Question 4.16: Problem: A 1 cm diameter copper sphere heated to 300 °C is d...
Problem: A 1 cm diameter copper sphere heated to 300 °C is dropped into a well‐insulated beaker containing 10 ml of water at 25 °C. What is the final temperature once the water and metal have come to equilibrium?

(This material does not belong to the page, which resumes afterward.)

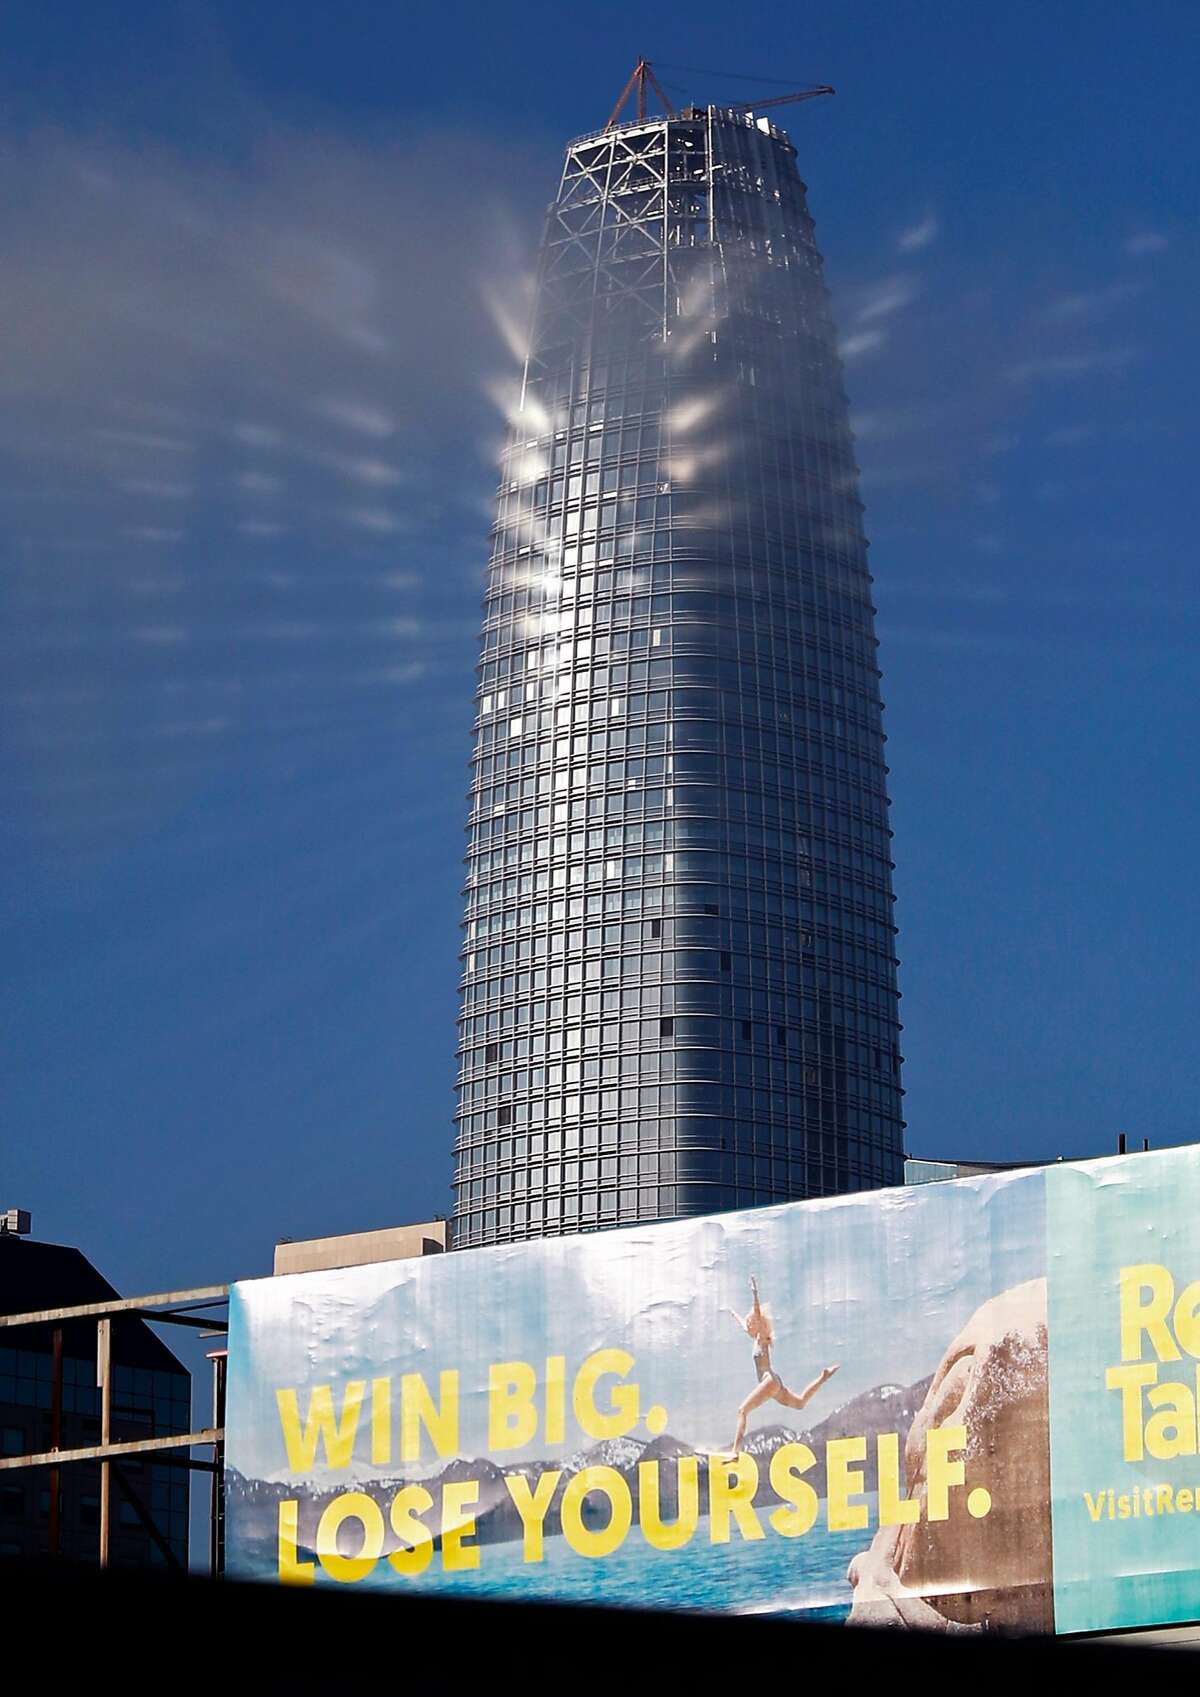 Salesforce Tower in San Francisco, Calif. on Monday, August 28, 2017.

Find: Final temperature T_2 .
Known: Initial temperature of copper T_{1,Cu} = 300 °C, initial temperature of water T_{1,W} = 25 °C, diameter of copper sphere D = 0.01 m, volume of water V_W = 10 \ ml =10^{–5} \ m^3 .
Diagram:
Assumptions: Water and copper are both incompressible, there is no heat loss from the beaker so Q_{12} = 0.
Governing Equation:
First Law Q_{12}+W_{12}=\Delta U_{12}
Properties: Copper density and specific heat ρ_{Cu} = 8900 kg / m³ and c_{Cu} = 0.386 kJ / kg°C (Appendix 2), water density and specific heat ρ_{W} = 997 kg / m³ and c_{W} = 4.18 kJ / kg°C (Appendix 3).
Mass of copper sphere is
m_{Cu}=\rho _{Cu}\frac{\pi D^3}{6} =8900 \ kg/m^3 \times \frac{\pi (0.01 \ m)^3}{6} =4.6600 \times 10^{-3} \ kg.
Mass of water is
m_W=\rho _WV_W=997 \ kg/m^3 \times 10^{-5} \ m^3=9.97 \times 10^{-3} \ kg.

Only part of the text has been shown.